Do we need a 'what bike' forum...threads seem to be popping up everywhere with people asking similar questions on which new bike they should get? Do we need a mini forum somewhere for people to compare new bikes/decide what to spend their money on?


----------



## Shaun (22 Jun 2009)

See the newly renamed (Accessories, Kit, and Clothing):

*Bikes,* Accessories, Kit, and Clothing

... ta da


----------



## thomas (22 Jun 2009)

Admin said:


> See the newly renamed (Accessories, Kit, and Clothing):
> 
> *Bikes,* Accessories, Kit, and Clothing
> 
> ... ta da




ohh snazzy .


----------



## longers (22 Jun 2009)

Will the "what bike" questions be moved to this new named area?


----------



## Shaun (22 Jun 2009)

I hadn't really thought about moving old "what bike" threads, just making a place for future ones.

If there are some that you feel should be moved there, let me know and I'll wave the Admin wand over them.


----------



## MacB (22 Jun 2009)

I'd have thought moving them all over would make sense.


----------



## Shaun (22 Jun 2009)

MacBludgeon said:


> I'd have thought moving them all over would make sense.

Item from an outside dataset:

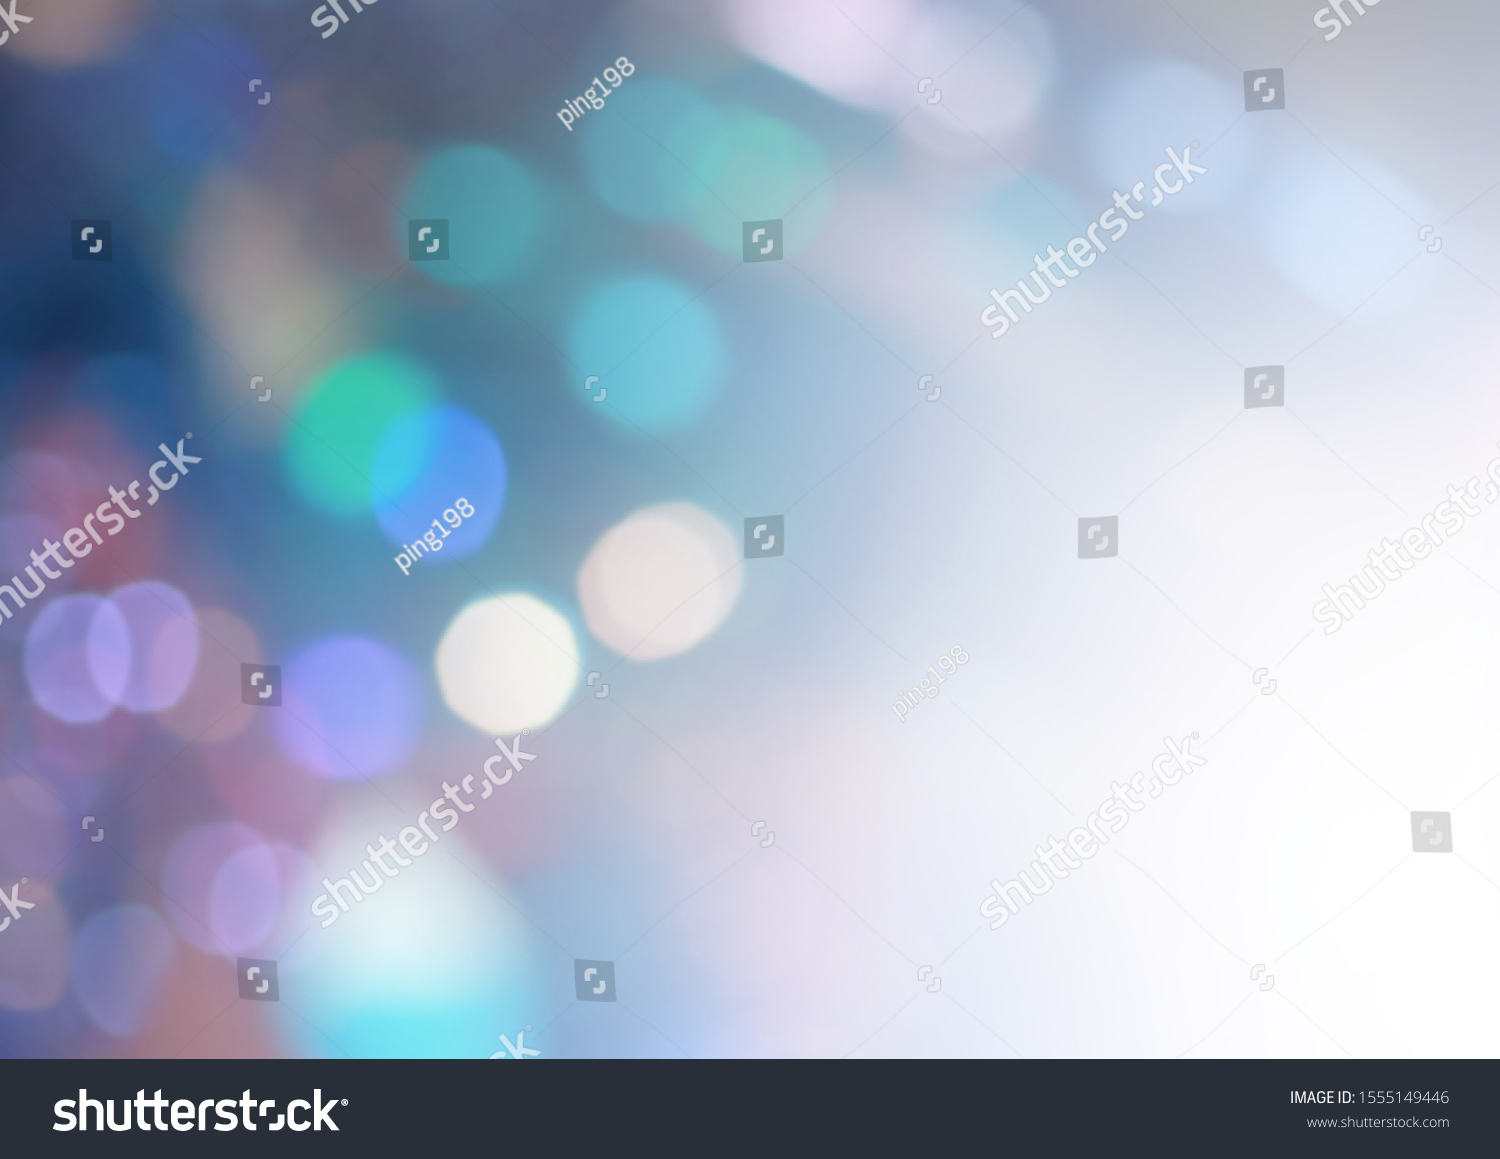 Blurred backdrop, blurred background, circle blur, bokeh blur from the light shining through as a backdrop and beautiful computer screen images. #1555149446

<passes wand over to MacB> There you go, there's summat on the telly I'm watching at the mo ...


----------



## MacB (22 Jun 2009)

Admin said:


> <passes wand over to MacB> There you go, there's summat on the telly I'm watching at the mo ...

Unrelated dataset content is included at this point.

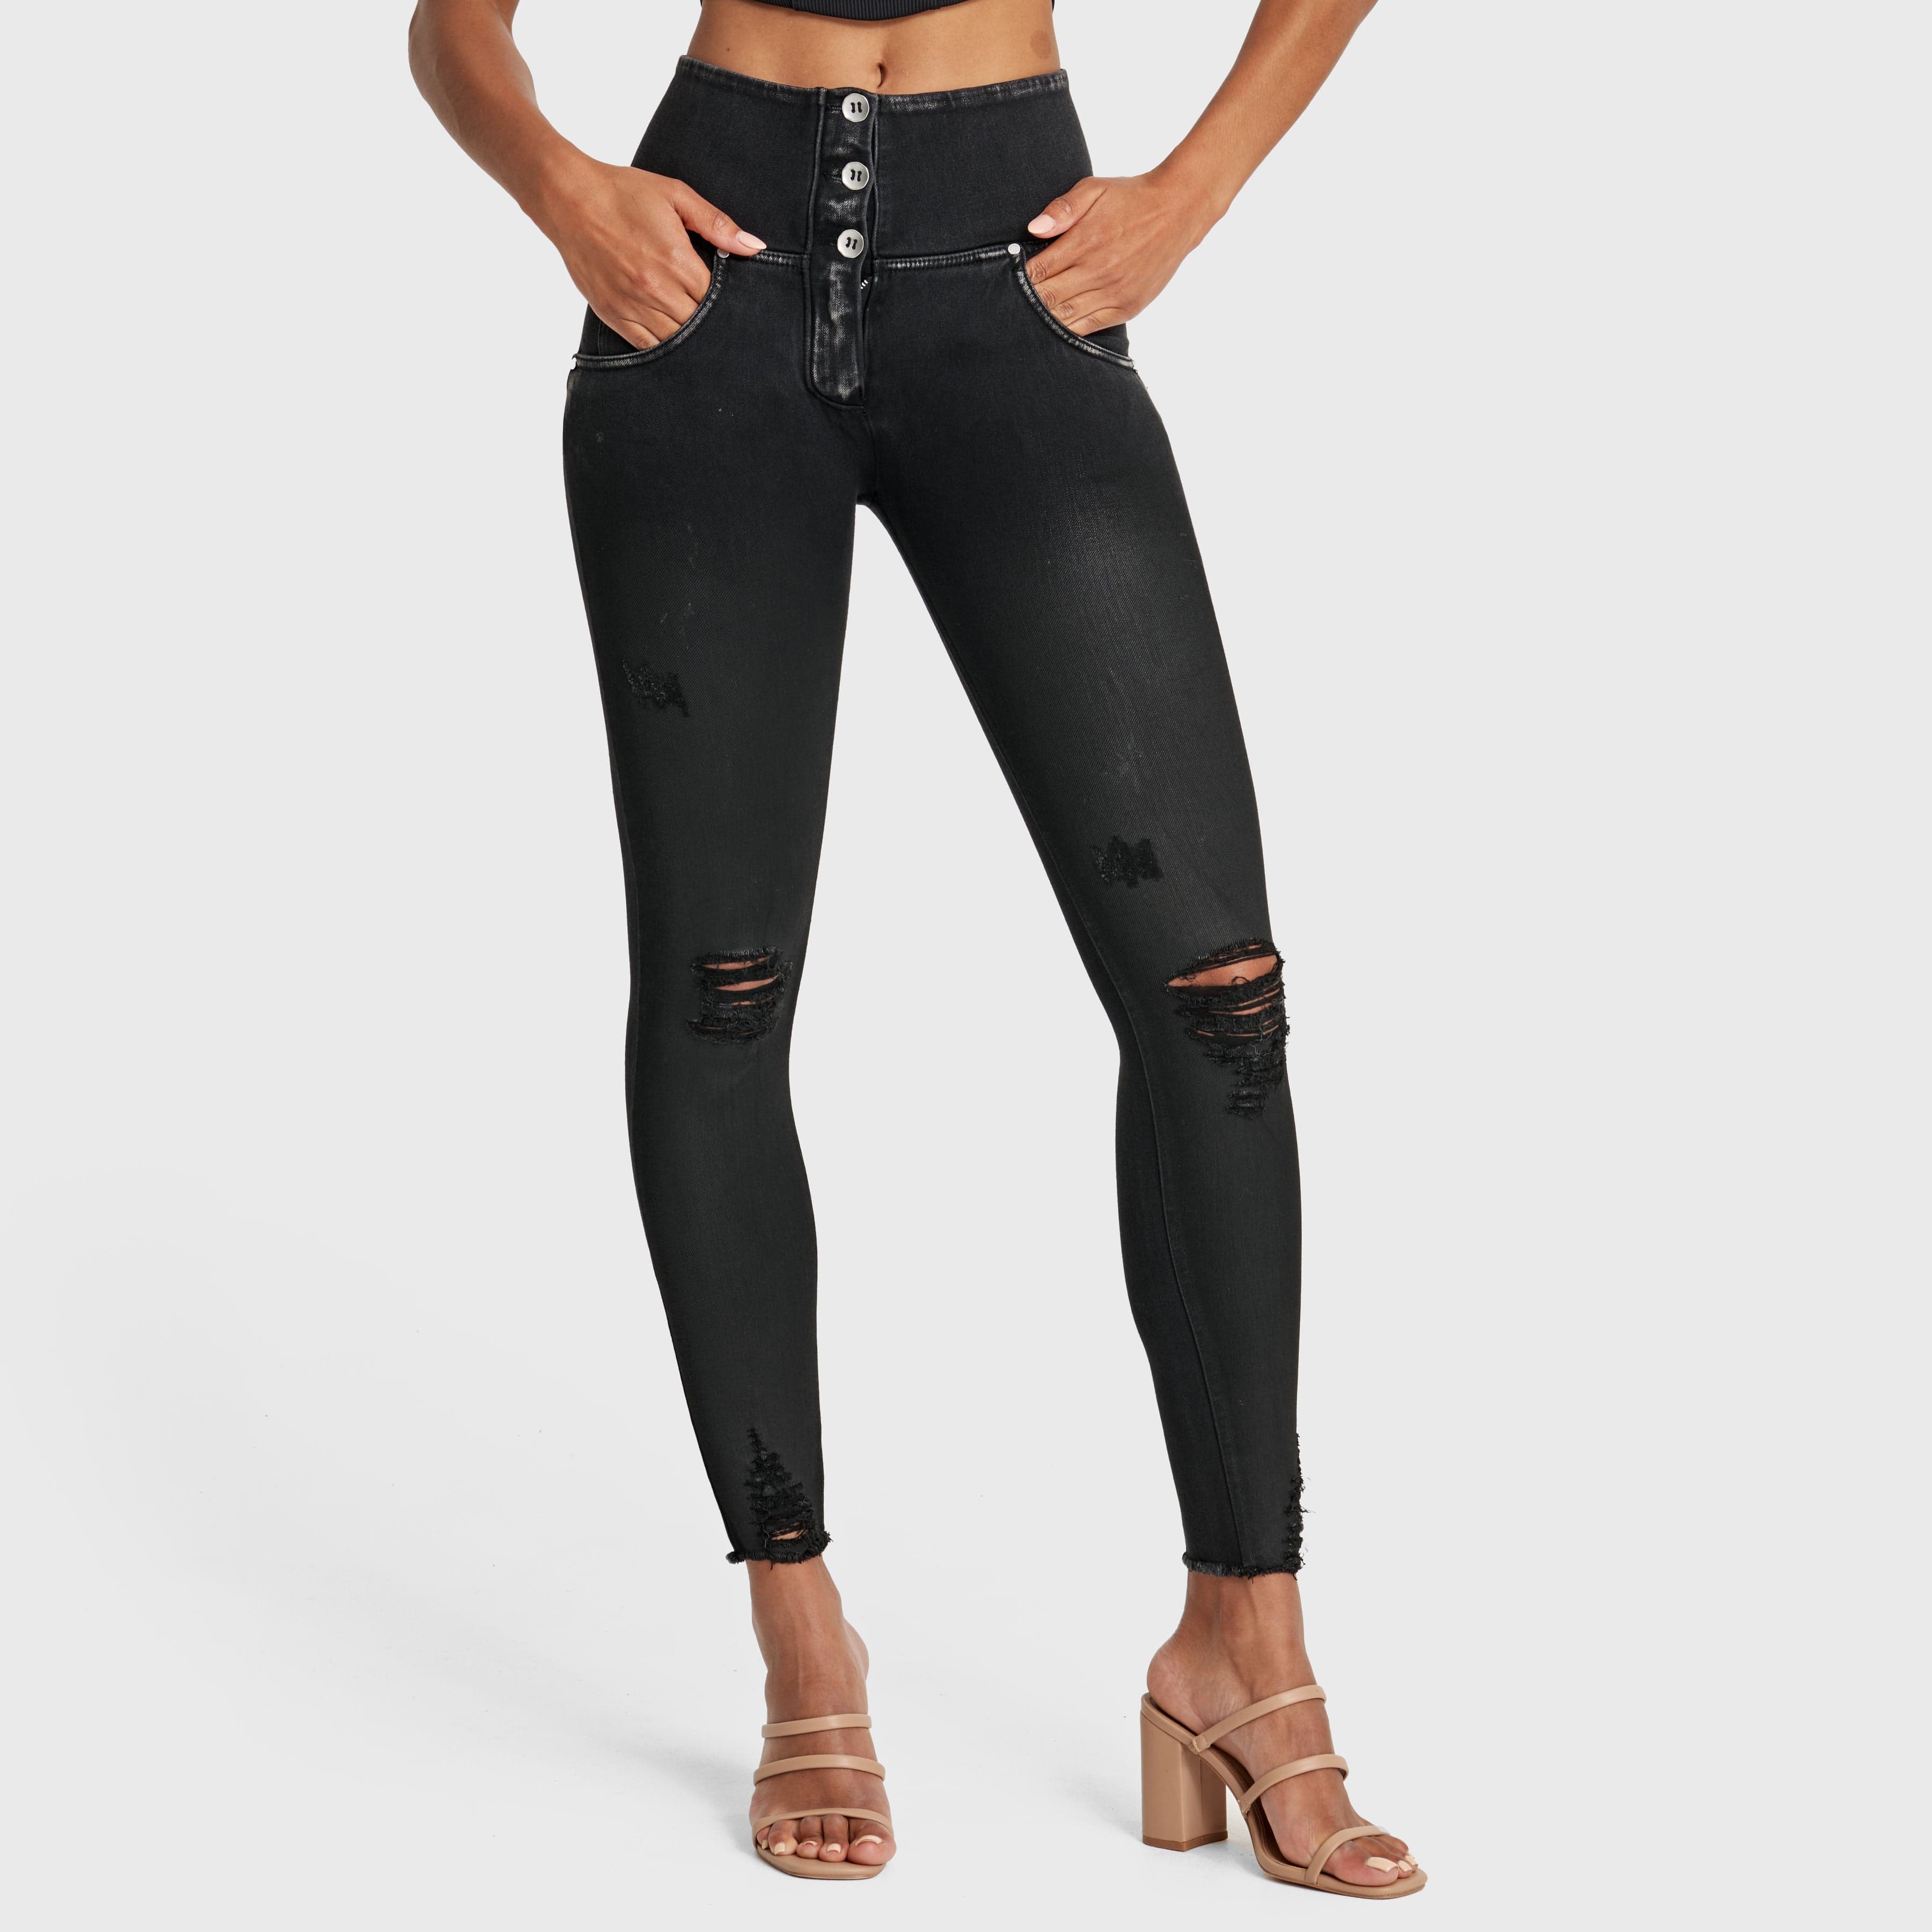 WR.UP® Snug Ripped Jeans - High Waisted - Full Length - Coated Black + Black Stitching 1

I'm good on ideas short on action


----------



## Shaun (22 Jun 2009)

He he ... shall I post an announcement about it ... 

I'll look at moving them when I have some free time.

Cheers,
Shaun


----------



## Flying_Monkey (23 Jun 2009)

How about an Announcement telling people where to post 'What Bike...' questions?


----------



## Shaun (23 Jun 2009)

Flying_Monkey said:


> How about an Announcement telling people where to post 'What Bike...' questions?

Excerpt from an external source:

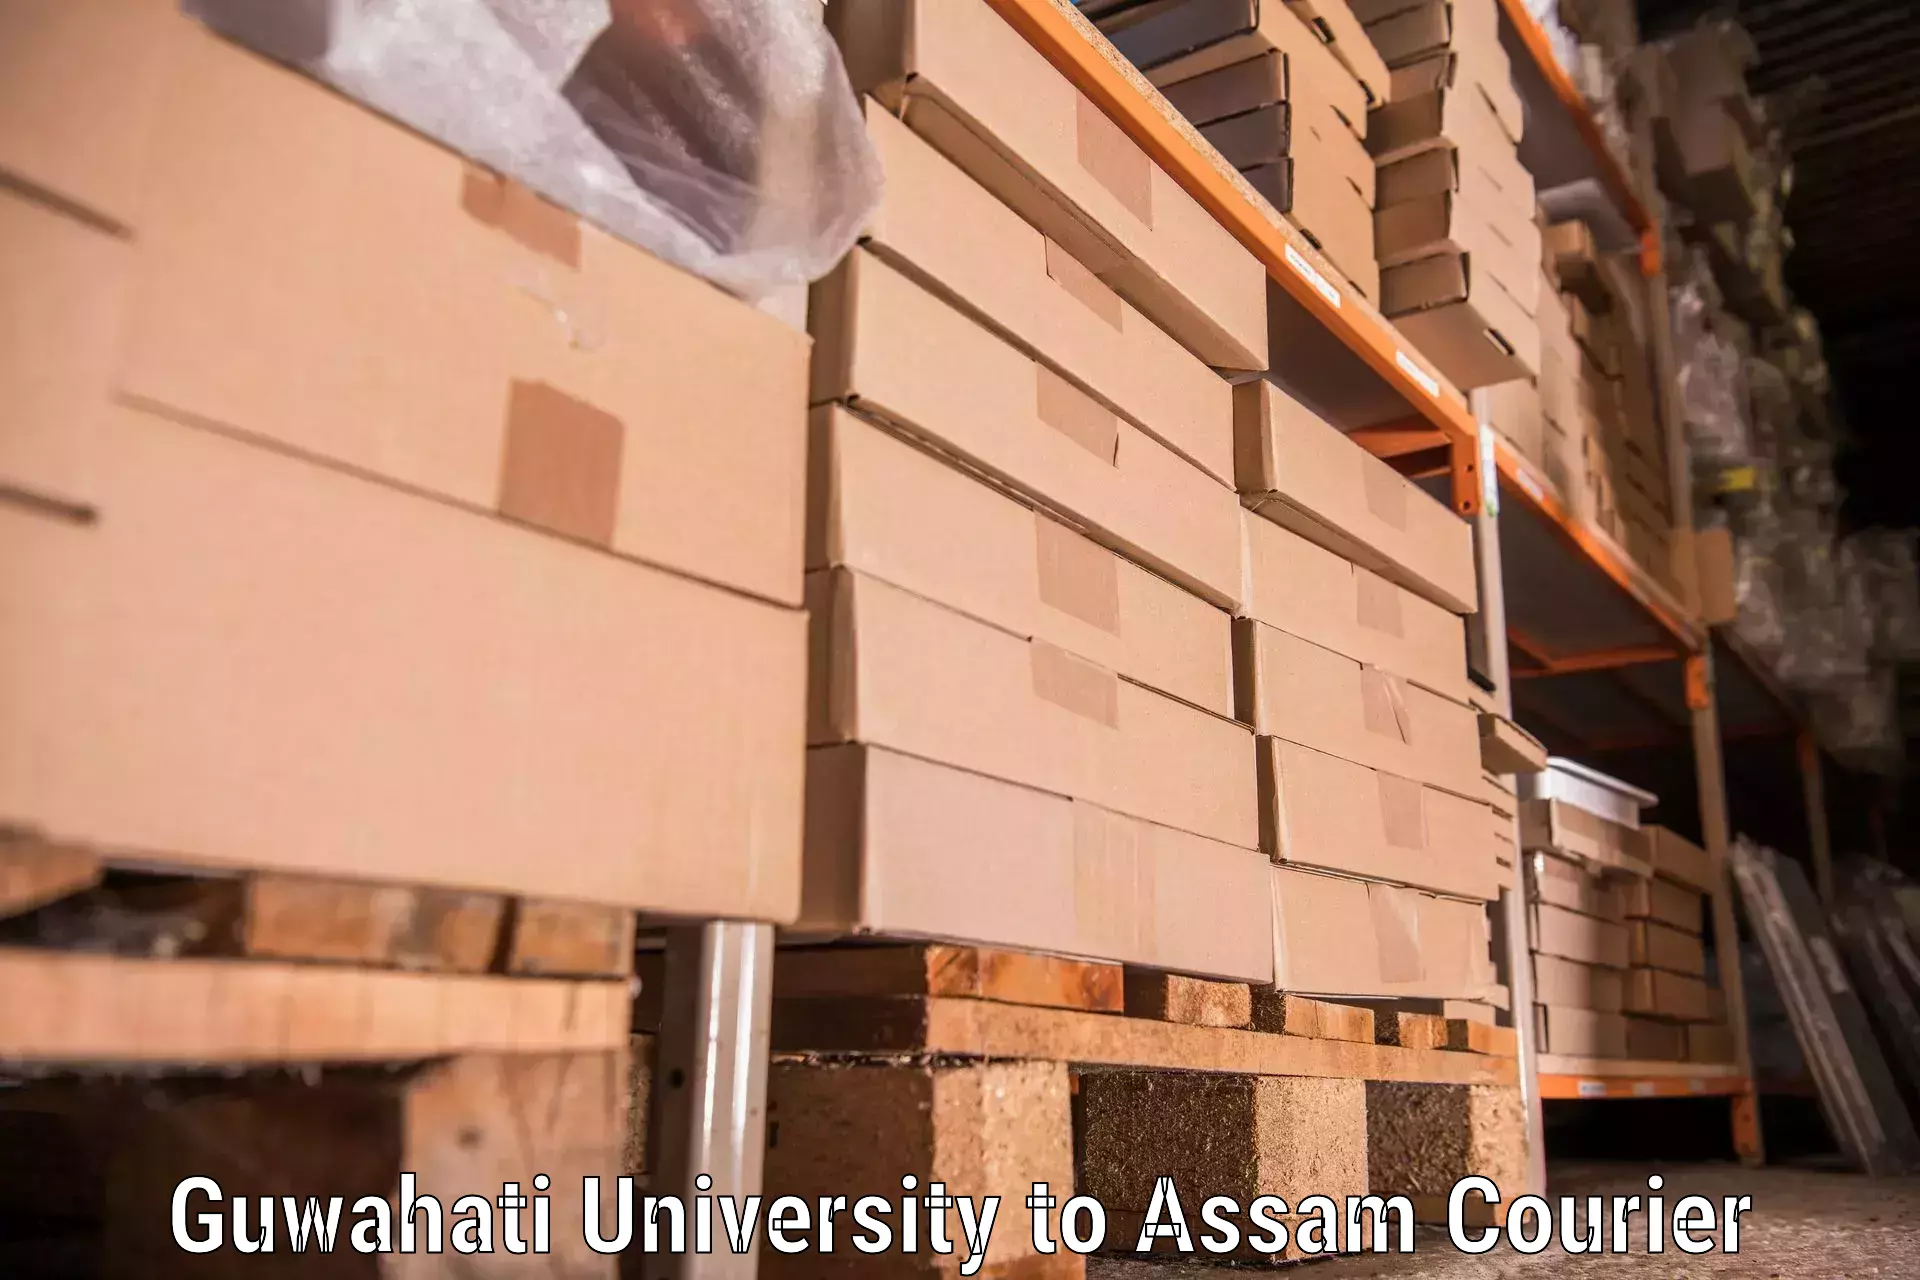 Budget-friendly moving services Guwahati University to Darrang

Perhaps a little later on when people have gotten over their announcement fatigue ... 

Having thought about this some more, would we benefit from a completely separate *What Bike?* forum where the discussion is just about help and advice on bike purchases?

Anyone got any thoughts?


----------



## Arch (23 Jun 2009)

Admin said:


> Perhaps a little later on when people have gotten over their announcement fatigue ...
> 
> Having thought about this some more, would we benefit from a completely separate *What Bike?* forum where the discussion is just about help and advice on bike purchases?
> 
> Anyone got any thoughts?



Personally, I don't have a problem with 'what bike' stuff appearing in different forums - I can rarely help with specifics, so I just don't read them. I can see that for reference for future enquiries, it would be more convenient to have them together, but a poster might think it better to put them in whatever section is relevant - commuting or whatever. Also, each person who asks has a separate set of needs and so on, so having all the old stuff in one place to read might not quite sort it out for them (also, I find it much easier to understand and use a specific discussion, than to read up less personal case studies)


----------



## Flying_Monkey (24 Jun 2009)

I think Arch is right... an archive is a good idea. A separate forum would mean it would be less likely that people would actually get their questions answered except by the few people who would actually regularly check a 'what bike?' forum...


----------



## zimzum42 (24 Jun 2009)

True...

From a regular's point of view it would be good to 'get rid' of all the what bike posts, but then who would answer them if they were tucked away, only people who only use the 'new posts' button (like me) and of those only people who can be bothered (not me)!


----------



## Noodley (30 Jun 2009)

Any chance moving a few non-Cafe threads out of the cafe when you're at it?


----------